● Aim of the exercise
Return the listing exactly as it appears, but strip out the images.

● Material provided
↓
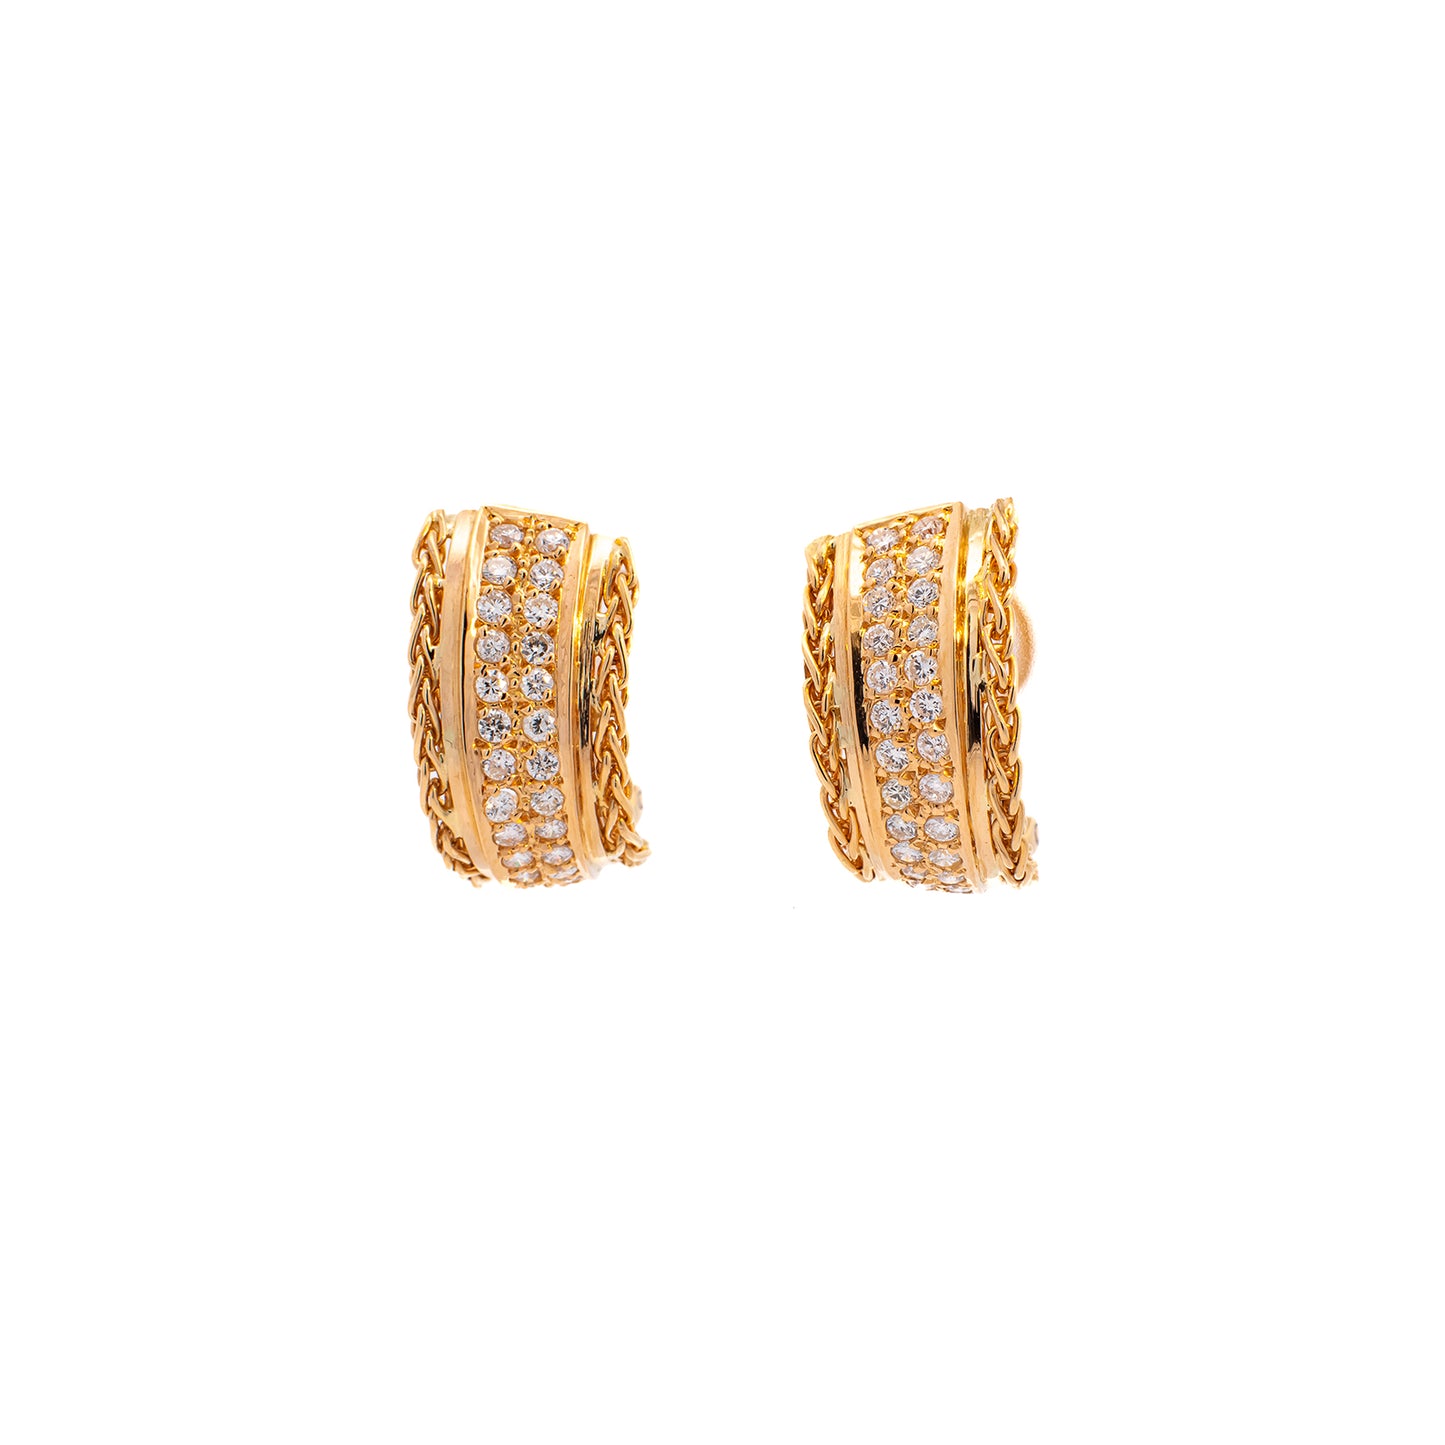 Copy of diamond earrings omega clasp yellow gold 18K earrings gold earrings earrings
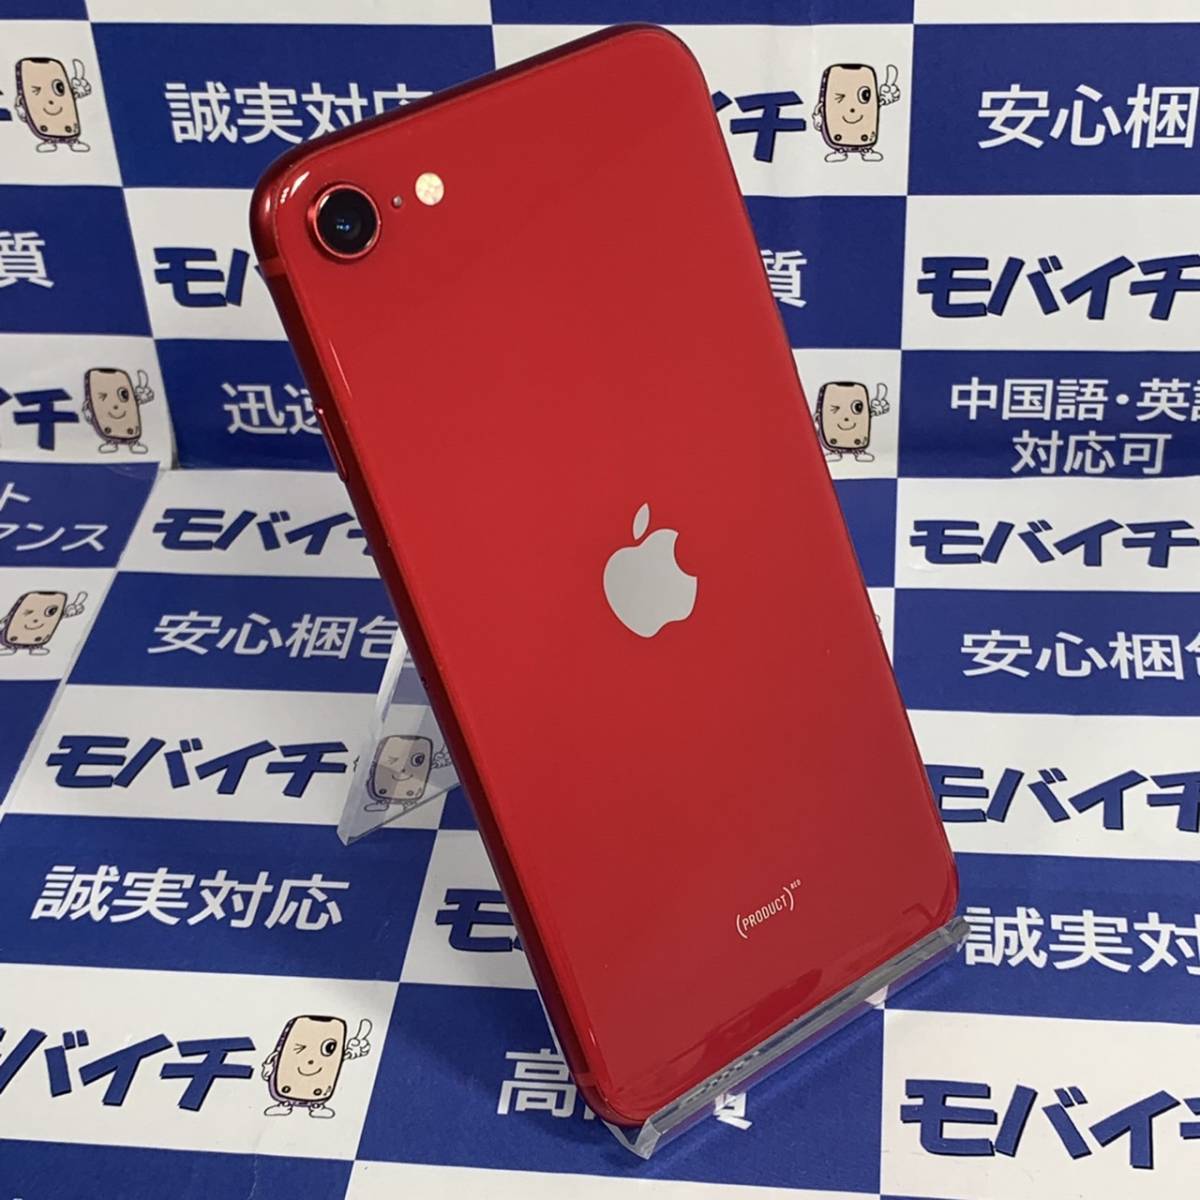 7403 iPhone SE 第2世代 128GB (PRODUCT)RED プロダクトレッド 赤 SIMフリー Apple Store版  MXD22J/A 綺麗な美品！！ www.hcc-bettercare.de
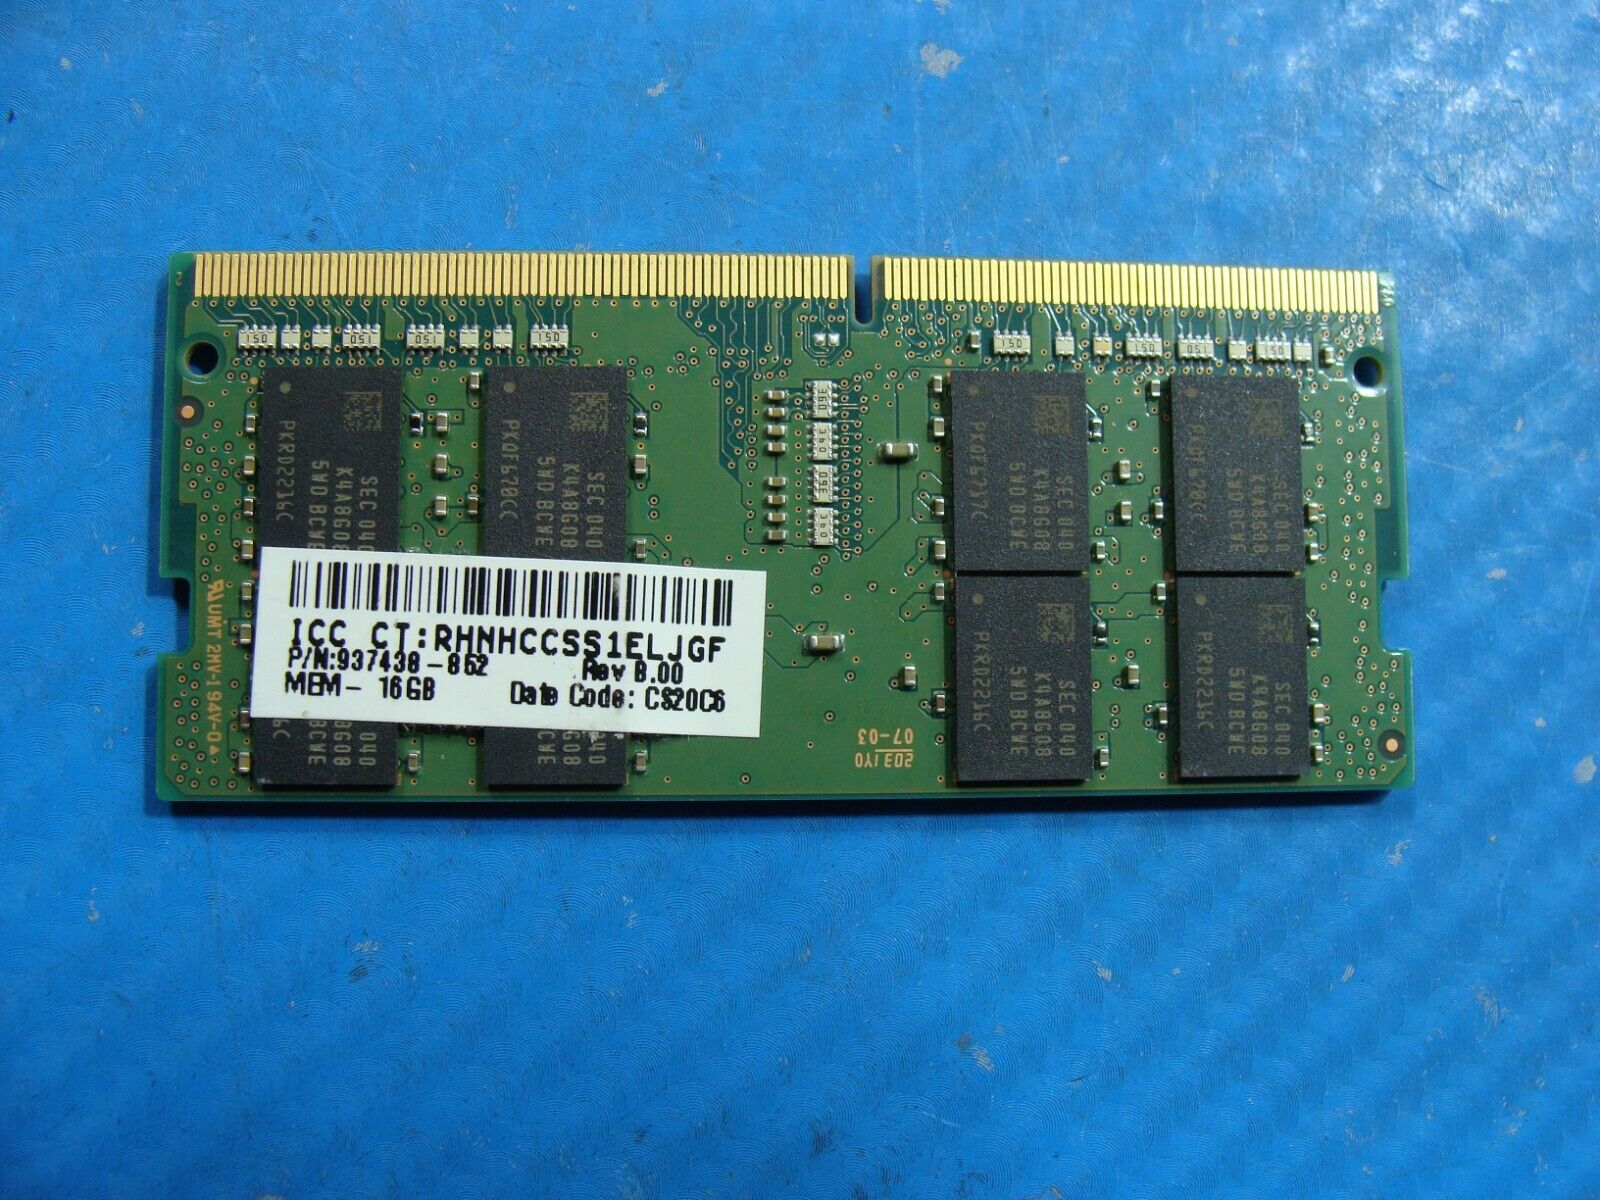 HP 840 G7 Samsung 16GB 2Rx8 PC4-3200AA SO-DIMM Memory RAM M471A2K43DB1-CWE
↑
● Answer to this exercise
 Copy of diamond earrings omega clasp yellow gold 18K earrings gold earrings earrings
 7403 iPhone SE 第2世代 128GB (PRODUCT)RED プロダクトレッド 赤 SIMフリー Apple Store版  MXD22J/A 綺麗な美品！！ www.hcc-bettercare.de
 HP 840 G7 Samsung 16GB 2Rx8 PC4-3200AA SO-DIMM Memory RAM M471A2K43DB1-CWE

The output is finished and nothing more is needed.